ABOUT THIS TASK: Using the records that appear below, write out exactly the lines from the one with "Zdjęcia - Maska" through the one with "Woman Wearing a", keeping both end lines.

RECORD SET:
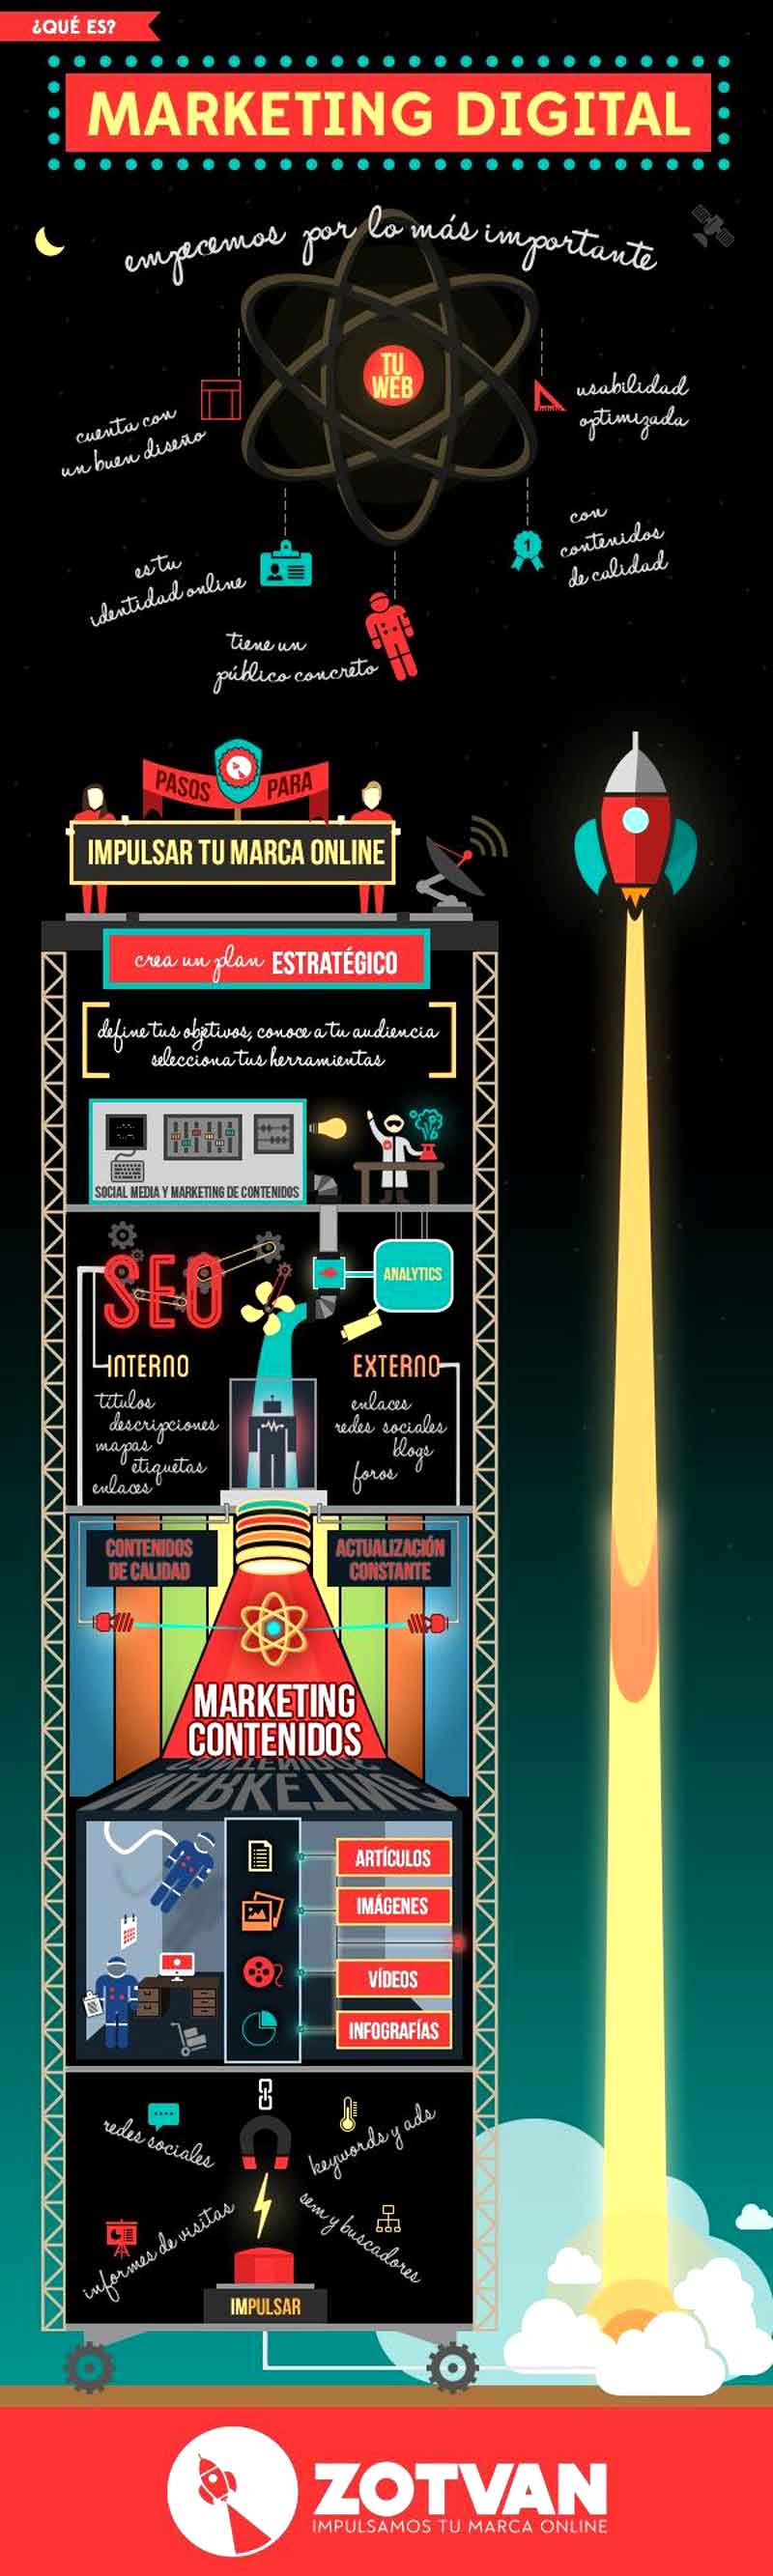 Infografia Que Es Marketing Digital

--

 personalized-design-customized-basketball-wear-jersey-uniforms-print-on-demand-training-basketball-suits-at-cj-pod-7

* * *

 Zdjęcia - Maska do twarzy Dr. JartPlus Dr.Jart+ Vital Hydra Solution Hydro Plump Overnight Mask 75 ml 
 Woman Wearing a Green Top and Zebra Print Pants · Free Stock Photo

TASK ANSWER:
 Zdjęcia - Maska do twarzy Dr. JartPlus Dr.Jart+ Vital Hydra Solution Hydro Plump Overnight Mask 75 ml 
 Woman Wearing a Green Top and Zebra Print Pants · Free Stock Photo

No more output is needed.